9. To create configuration parameters for a step, double-click the Profile Configuration Parameters folder, then click New Entries and set the parameters:

   Parameter	Type	Description
   CUST_ACTIVE_CONTENT	BOOL	Check if a file contains script (JavaScript, PHP, or ASP script) and block.
   CUST_CHECK_MIME_TYPE	BOOL	Checks if the file extension name matches its MIME type. If they do not match, the file is blocked.All MIME types and extension names must be exactly matched. For example: Microsoft Word files must be `.doc` or `.dot`; JPEG image files must be `.jpg`. However, text and binary files can have any extensions, as long as these are not the extensions for other known files; that is, it can be `.txt` or `.bin`, but not `.doc` or `.jpg` See Supported MIME types.

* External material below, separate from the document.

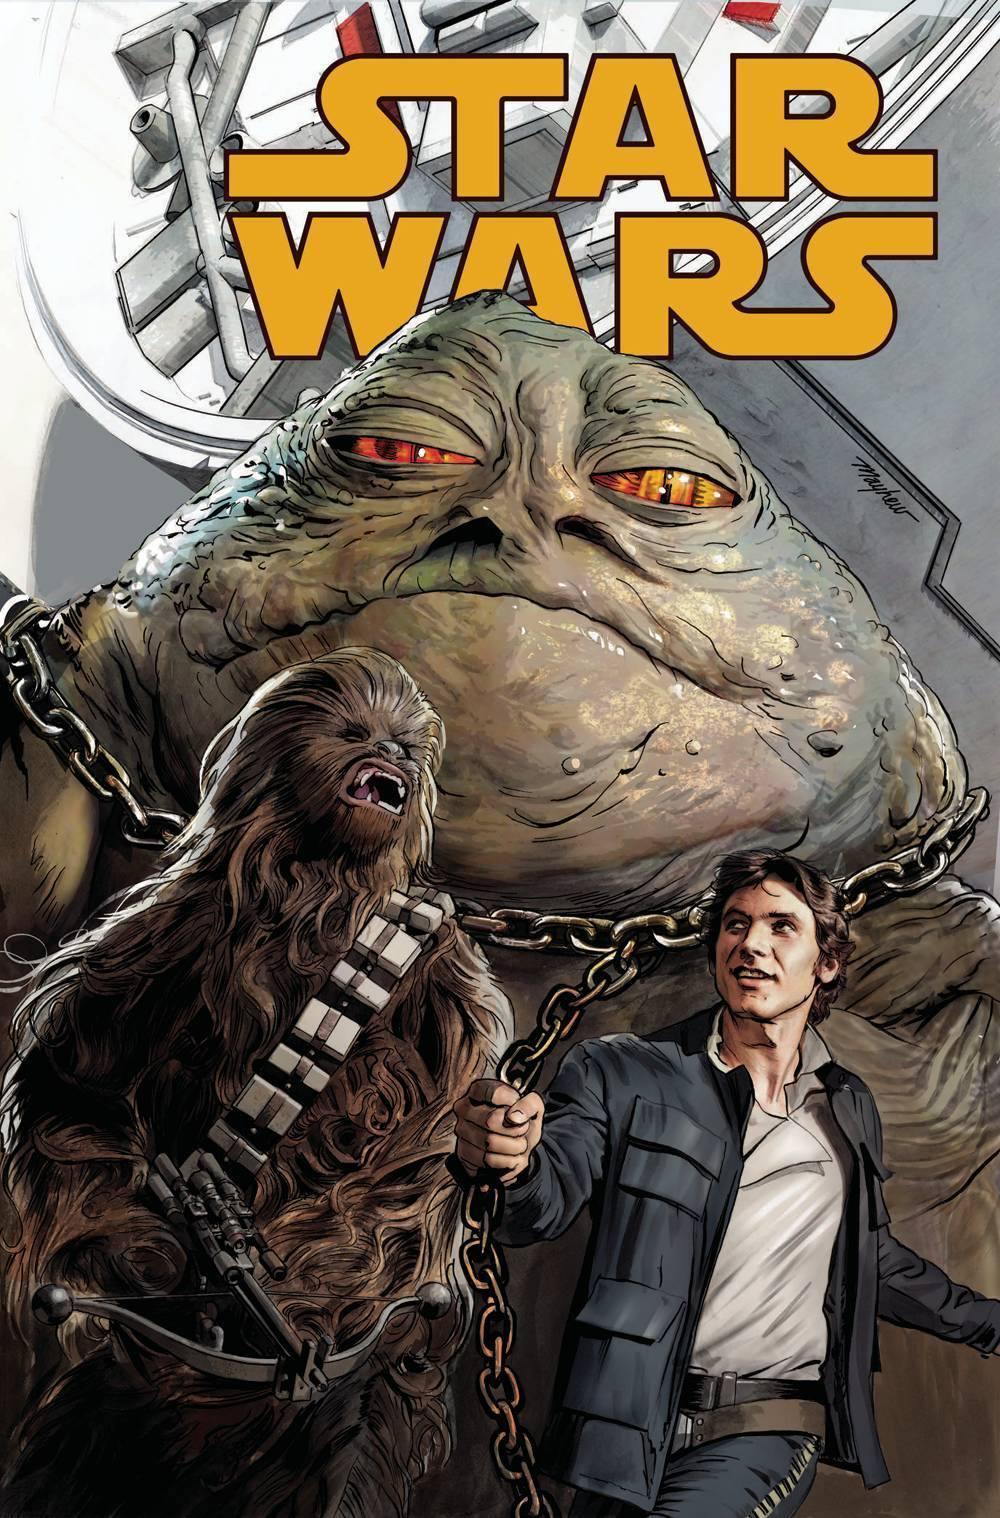 STAR WARS VOL 4 (2015) #35 - Kings Comics

10. Double-click the Step Configuration Parameters folder, then click New Entries and set the parameters:

    Parameter	Type	Description	Default (Linux)	Default (Windows)
    SCANBESTEFFORT	BOOL	The scan should be performed on the best effort basis; that is, all security critical flags that allow a VSA to scan an object should be activated, such as SCANALLFILES and SCANEXTRACT, but also internal flags. Details about exactly which flags these are can be stored in the certification.	(not set)	(not set)
    SCANALLFILES	BOOL	Scans for all files regardless of their file extension.	disabled	disabled
    SCANEXTENSIONS	CHAR	List of the file extensions for which the VSA should scan. Only files with the configured extensions are checked. Other extensions are blocked. Wildcards can also be used here to search for patterns. \* stands for this location and following and ? stands for only this character. For example, exe;com;do?;ht* => \`\*\` means to scan all files.	null	""
    SCANLIMIT	INT	This setting applies to compressed files. It specifies the maximum number of files to be unpacked and scanned.	INT_MAX	65535
    SCANEXTRACT	BOOL	Archives or compressed objects are to be unpacked	enabled	enabled
    SCANEXTRACT_SIZE	SIZE_T	Maximum unpack size	0x7FFFFFFF	62914560 (60 MB)
    SCANEXTRACT_DEPTH	INT	Maximum depth to which an object is to be unpacked.	20	20
    SCANLOGPATH	CHAR	Custom log path for VSA. Must be an absolute path to either a regular file or to a location where a regular file can be created. Cannot be an executable file path. Only limited log messages are written. For example, the detected malware. Supported in Deep Security Agent 20 LTS update 2024-05-02.	(not set)	(not set)
    SCANMIMETYPES	CHAR	List of the MIME types to be scanned for. Only files with configured MIME types will be checked. Other MIME types are blocked. This parameter works only if CUST_CHECK_MIME_TYPE is enabled.	(not set)	(not set)
    BLOCKMIMETYPES	CHAR	List of MIME types that will be blocked. This parameter works only if CUST_CHECK_MIME_TYPE is enabled.	(not set)	(not set)
    BLOCKEXTENSIONS	CHAR	List of file extensions that to be blocked.	(not set)	(not set)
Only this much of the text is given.